I was reading results of COS.UN after the close and Marcel Coutu (CEO).Here are some of his comments
"As well, the turmoil in the financial markets has reduced the availability of new debt and
substantially increased interest costs."
"Should bank facilities or debt markets not be available to
fund our mid-2009 debt maturities, further distribution reductions may be
required in order to fund maturities out of cash from operating activities."
In this environment AEM may have big problem to fund it's project.The $300m will not be enough.
With no or minimal profit,cash flow negative,this speels problem for AEM.Even with the recent tumble,
this stock is still trading at a very rich valuation.

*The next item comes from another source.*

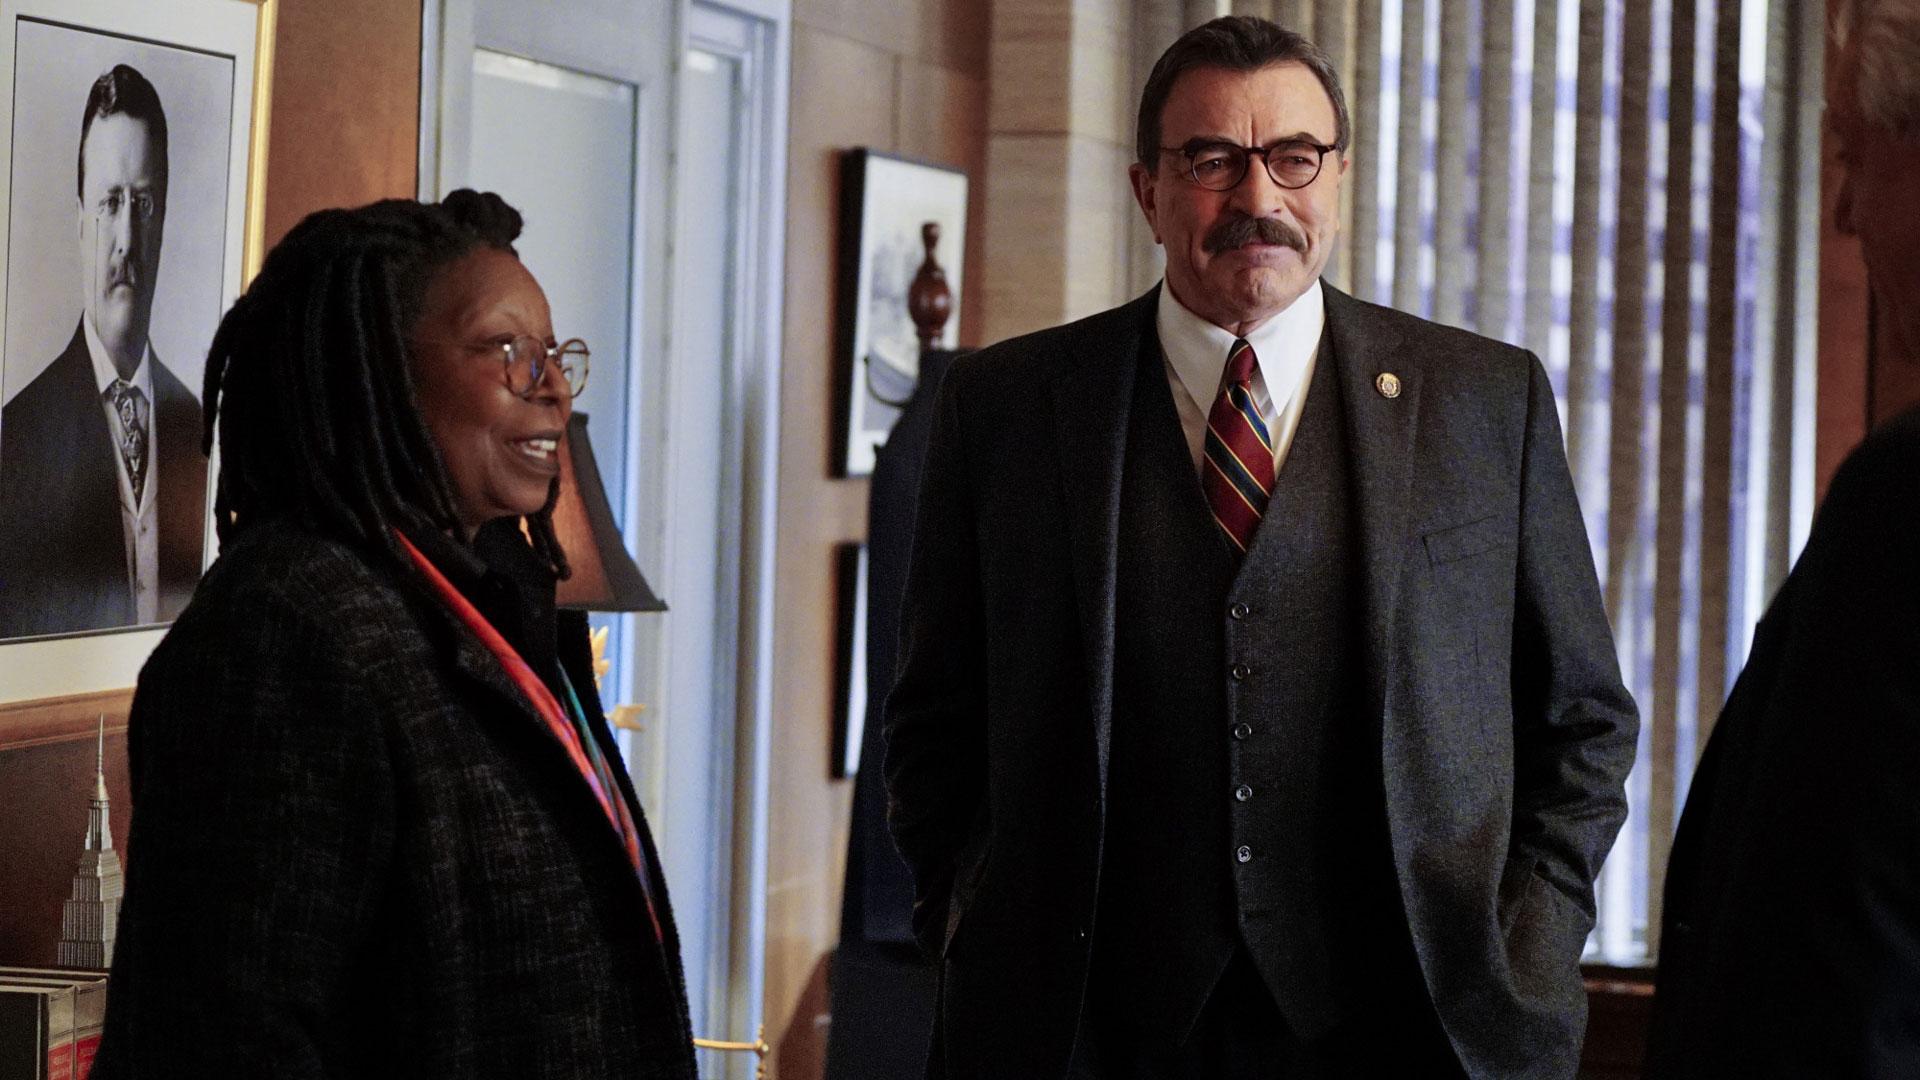 Whoopi Goldberg as City Council Speaker Regina Thomas and Tom Selleck as Frank Reagan

IMO,this stock could be cut in half or more before year end.
The Canadian gold producer, which mines zinc as a byproduct, earned $14 million, or 10 cents a share, in the quarter ended Sept 30. That was up from $11.5 million, or 8 cents a share, in the year-before period.
Stripping out the currency gain and other one-time items, the company earned 6 cents a share. That missed expectations of a profit of 8 cents a share, as polled by Reuters Estimates.
Gold production rose 23 percent to 68,753 ounces, while realized prices during the quarter climbed to $903 an ounce from $748.
Cash costs were $240 an ounce, up from minus $307 an ounce in the year-before quarter, as plunging zinc prices eroded the value of the zinc production that Agnico uses as a cost offset.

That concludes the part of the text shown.